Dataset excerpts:

_ _ _ _

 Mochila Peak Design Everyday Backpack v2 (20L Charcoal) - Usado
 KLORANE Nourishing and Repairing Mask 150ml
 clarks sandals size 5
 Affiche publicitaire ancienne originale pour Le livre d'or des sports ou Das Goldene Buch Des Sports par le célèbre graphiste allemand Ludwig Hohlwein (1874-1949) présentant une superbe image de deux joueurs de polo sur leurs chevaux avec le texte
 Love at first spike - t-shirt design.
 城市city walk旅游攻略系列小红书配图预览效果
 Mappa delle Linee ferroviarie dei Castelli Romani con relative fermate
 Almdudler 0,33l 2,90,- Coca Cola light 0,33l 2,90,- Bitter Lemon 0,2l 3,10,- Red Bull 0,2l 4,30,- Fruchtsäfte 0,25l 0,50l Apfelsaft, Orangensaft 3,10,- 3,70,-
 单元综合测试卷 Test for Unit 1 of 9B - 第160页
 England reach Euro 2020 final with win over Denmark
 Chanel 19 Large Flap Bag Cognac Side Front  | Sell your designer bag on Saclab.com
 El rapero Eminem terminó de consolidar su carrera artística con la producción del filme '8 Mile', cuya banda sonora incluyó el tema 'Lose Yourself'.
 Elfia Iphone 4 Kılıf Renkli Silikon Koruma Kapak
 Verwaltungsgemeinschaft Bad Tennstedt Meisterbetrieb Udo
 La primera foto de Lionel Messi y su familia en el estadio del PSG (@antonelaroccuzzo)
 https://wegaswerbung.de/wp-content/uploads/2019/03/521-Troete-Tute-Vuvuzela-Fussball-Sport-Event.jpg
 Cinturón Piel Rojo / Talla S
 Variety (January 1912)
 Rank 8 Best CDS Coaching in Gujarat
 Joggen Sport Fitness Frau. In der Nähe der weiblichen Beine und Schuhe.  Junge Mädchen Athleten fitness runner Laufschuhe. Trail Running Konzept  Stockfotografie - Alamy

_ _ _ _

WHAT YOU ARE ASKED TO DO:
Write out every record shown above, word for word.

ANSWER FOR THE TASK:
 Mochila Peak Design Everyday Backpack v2 (20L Charcoal) - Usado
 KLORANE Nourishing and Repairing Mask 150ml
 clarks sandals size 5
 Affiche publicitaire ancienne originale pour Le livre d'or des sports ou Das Goldene Buch Des Sports par le célèbre graphiste allemand Ludwig Hohlwein (1874-1949) présentant une superbe image de deux joueurs de polo sur leurs chevaux avec le texte
 Love at first spike - t-shirt design.
 城市city walk旅游攻略系列小红书配图预览效果
 Mappa delle Linee ferroviarie dei Castelli Romani con relative fermate
 Almdudler 0,33l 2,90,- Coca Cola light 0,33l 2,90,- Bitter Lemon 0,2l 3,10,- Red Bull 0,2l 4,30,- Fruchtsäfte 0,25l 0,50l Apfelsaft, Orangensaft 3,10,- 3,70,-
 单元综合测试卷 Test for Unit 1 of 9B - 第160页
 England reach Euro 2020 final with win over Denmark
 Chanel 19 Large Flap Bag Cognac Side Front  | Sell your designer bag on Saclab.com
 El rapero Eminem terminó de consolidar su carrera artística con la producción del filme '8 Mile', cuya banda sonora incluyó el tema 'Lose Yourself'.
 Elfia Iphone 4 Kılıf Renkli Silikon Koruma Kapak
 Verwaltungsgemeinschaft Bad Tennstedt Meisterbetrieb Udo
 La primera foto de Lionel Messi y su familia en el estadio del PSG (@antonelaroccuzzo)
 https://wegaswerbung.de/wp-content/uploads/2019/03/521-Troete-Tute-Vuvuzela-Fussball-Sport-Event.jpg
 Cinturón Piel Rojo / Talla S
 Variety (January 1912)
 Rank 8 Best CDS Coaching in Gujarat
 Joggen Sport Fitness Frau. In der Nähe der weiblichen Beine und Schuhe.  Junge Mädchen Athleten fitness runner Laufschuhe. Trail Running Konzept  Stockfotografie - Alamy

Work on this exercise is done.